Thanks for the updates, Walker! Looks great, though I do have a couple
questions about the latest updates:

   1. The new example says that without stream-side buffering, "ex" and
   "fy" are possible join results. How could those join results happen? The
   example versioned table suggests that table record "x" has timestamp 2, and
   table record "y" has timestamp 3. If stream record "e" has timestamp 1,
   then it can never be joined against record "x", and similarly for stream
   record "f" with timestamp 2 being joined against "y".
   2. I see in your replies above that "If table is not materialized it
   will materialize it as versioned" but I don't see this called out in the
   KIP -- seems worth calling out. Also, what will the history retention for
   the versioned table be?
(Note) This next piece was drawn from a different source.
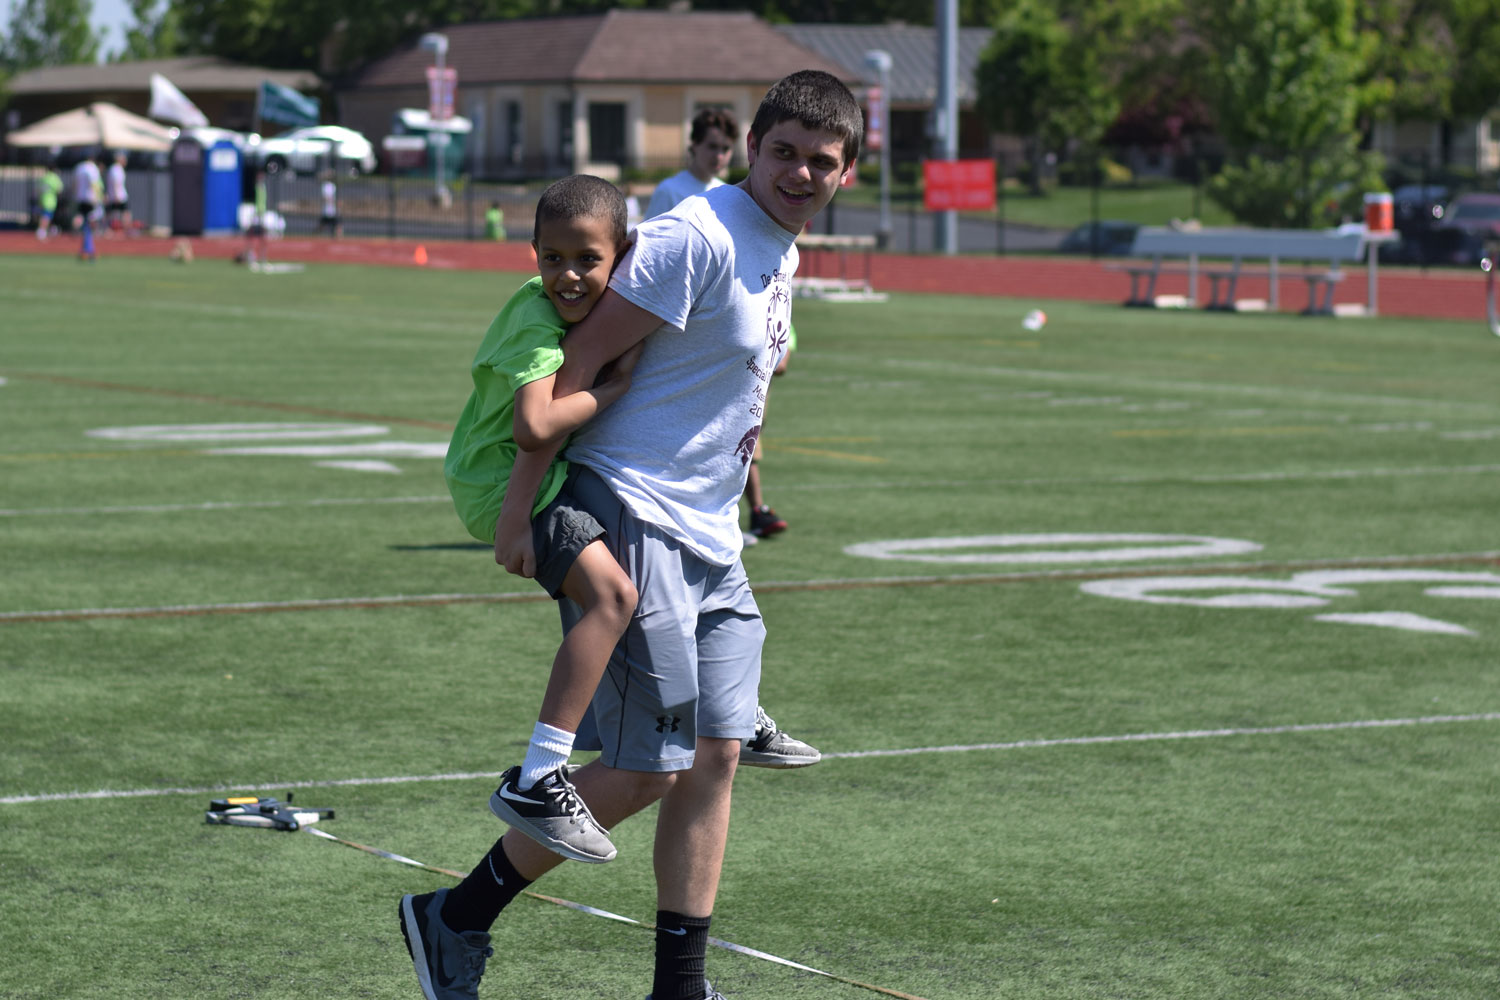 Joseph Pangelinan carries his buddy across the field during the Special Olympics

Will it be the same as the join grace period, or
   will it be greater?


And some additional thoughts:

Sounds like there are a few things users should watch out for when enabling
the stream-side buffer:

   - Records will get "stuck" if there are no newer records to advance
   stream time.
   - If there are large gaps between the timestamps of stream-side records,
   then it's possible that versioned store history retention will have expired
   by the time a record is evicted from the join buffer, leading to a join
   "miss." For example, if the join grace period and table history retention
   are both 10, and records come in the order:

   table side t0 with ts=0
   stream side s1 with ts=1 <-- enters buffer
   table side t10 with ts=10
   table side t20 with ts=20
   stream side s21 with ts=21 <-- evicts record s1 from buffer, but
   versioned store no longer contains data for ts=1 due to history retention
   having elapsed

   This will result in the join result (s1, null) even though it should've
   been (s1, t0), due to t0 having been expired from the versioned store
   already.
   - Out-of-order records from the stream-side will be reordered, and late
   records will be dropped.

I don't think any of these are reasons to not go forward with this KIP, but
it'd be good to call them out in the eventual documentation to decrease the
chance users get tripped up.

> We could maybe do an improvement later to advance stream time from table
side as well, but that might be debatable as we might get more late records.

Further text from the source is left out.